[Devel] [PATCH RHEL7 COMMIT] pidns: expose task pid_ns_for_children to userspace
Konstantin Khorenko
khorenko at virtuozzo.com
Thu Jun 11 19:20:16 MSK 2020
The commit is pushed to "branch-rh7-3.10.0-1127.10.1.vz7.162.x-ovz" and will appear at https://src.openvz.org/scm/ovz/vzkernel.git
after rh7-3.10.0-1127.10.1.vz7.162.2
------>
commit b385cd4048db5a6dd7c3e859596d4530277937c9
Author: Kirill Tkhai <ktkhai at virtuozzo.com>
Date: Thu Jun 11 19:20:15 2020 +0300
pidns: expose task pid_ns_for_children to userspace
pid_ns_for_children set by a task is known only to the task itself, and
it's impossible to identify it from outside.
It's a big problem for checkpoint/restore software like CRIU, because it
can't correctly handle tasks, that do setns(CLONE_NEWPID) in proccess of
their work.
This patch solves the problem, and it exposes pid_ns_for_children to ns
directory in standard way with the name "pid_for_children":
~# ls /proc/5531/ns -l | grep pid
lrwxrwxrwx 1 root root 0 Jan 14 16:38 pid -> pid:[4026531836]
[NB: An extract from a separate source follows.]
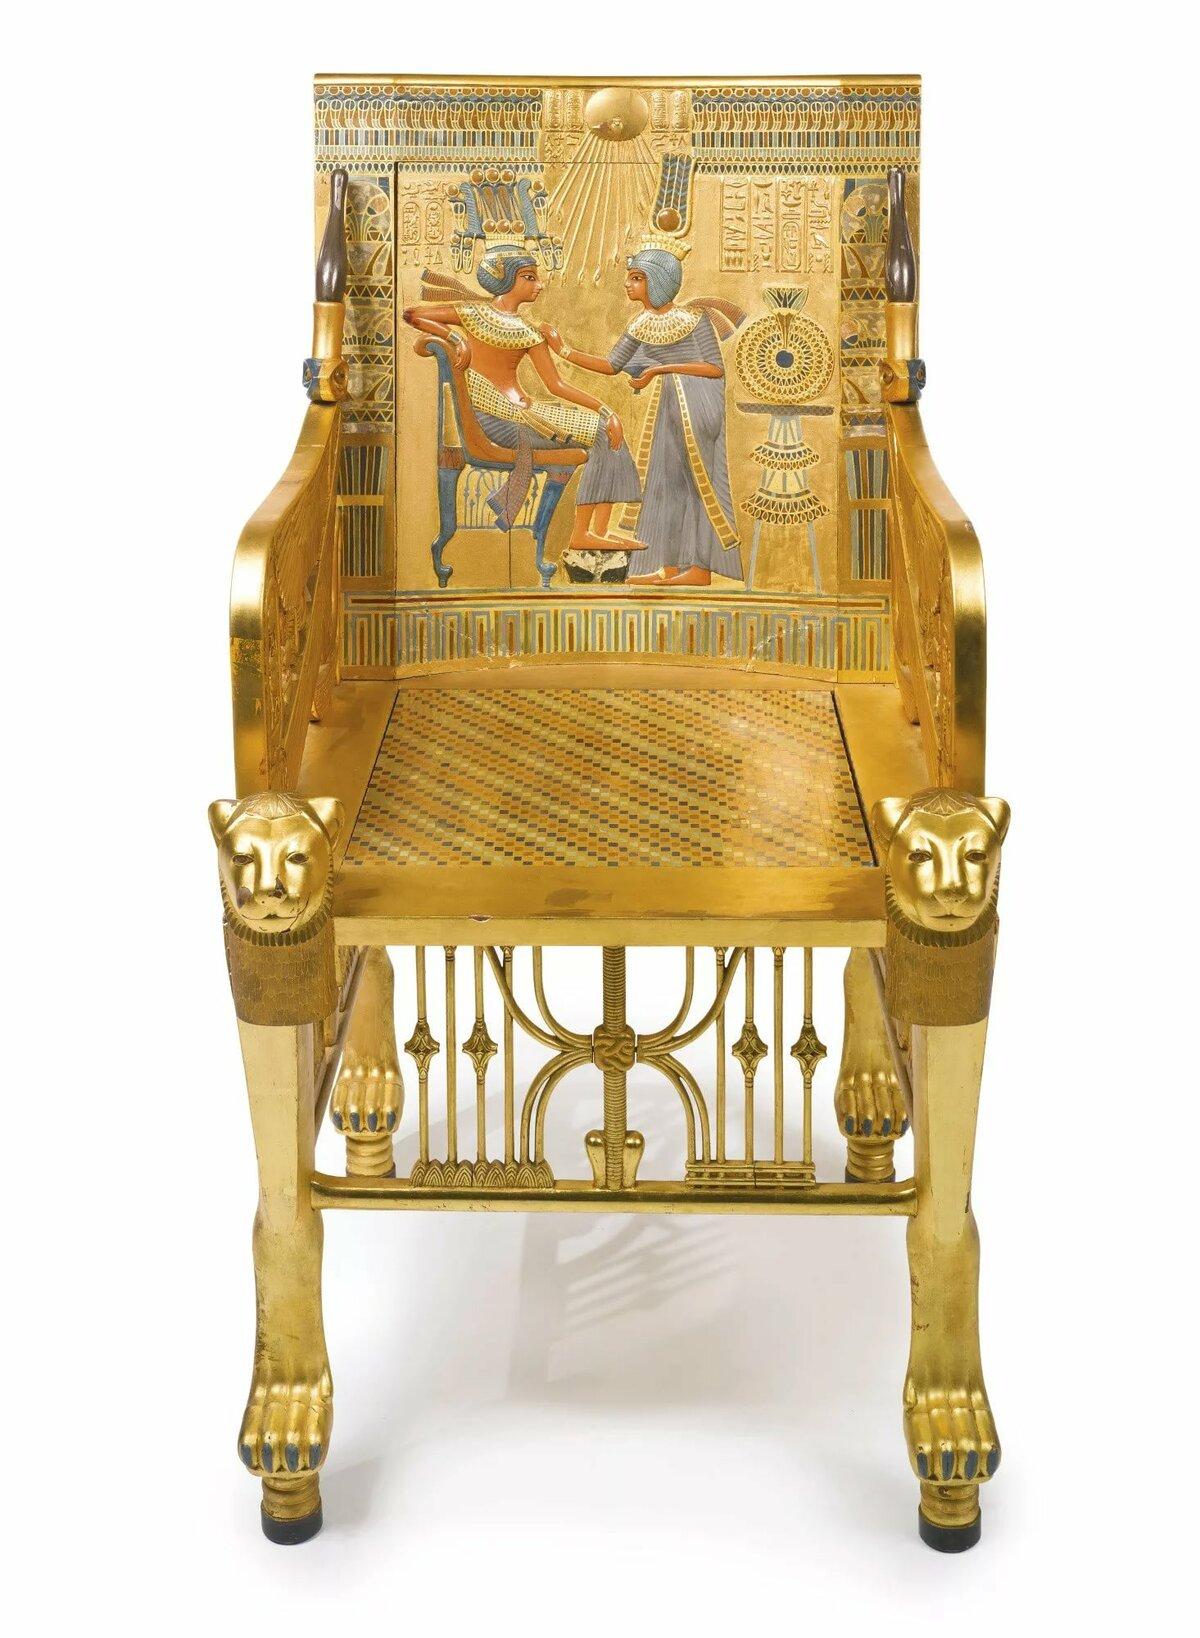 тысячи стихов мебель в древнем египте картинки плоскую

lrwxrwxrwx 1 root root 0 Jan 14 16:38 pid_for_children -> pid:[4026532286]
Link: http://lkml.kernel.org/r/149201123914.6007.2187327078064239572.stgit@localhost.localdomain
Signed-off-by: Kirill Tkhai <ktkhai at virtuozzo.com>
Cc: Andrei Vagin <avagin at virtuozzo.com>
Cc: Andreas Gruenbacher <agruenba at redhat.com>
Cc: Kees Cook <keescook at chromium.org>
Cc: Michael Kerrisk <mtk.manpages at googlemail.com>
Cc: Al Viro <viro at zeniv.linux.org.uk>
Cc: Oleg Nesterov <oleg at redhat.com>
Cc: Paul Moore <paul at paul-moore.com>
Cc: Eric Biederman <ebiederm at xmission.com>
Cc: Andy Lutomirski <luto at amacapital.net>
Cc: Ingo Molnar <mingo at kernel.org>
Cc: Serge Hallyn <serge at hallyn.com>
Signed-off-by: Andrew Morton <akpm at linux-foundation.org>
Signed-off-by: Linus Torvalds <torvalds at linux-foundation.org>
(cherry picked from VZ8 commit eaa0d190bfe1ed891b814a52712dcd852554cb08)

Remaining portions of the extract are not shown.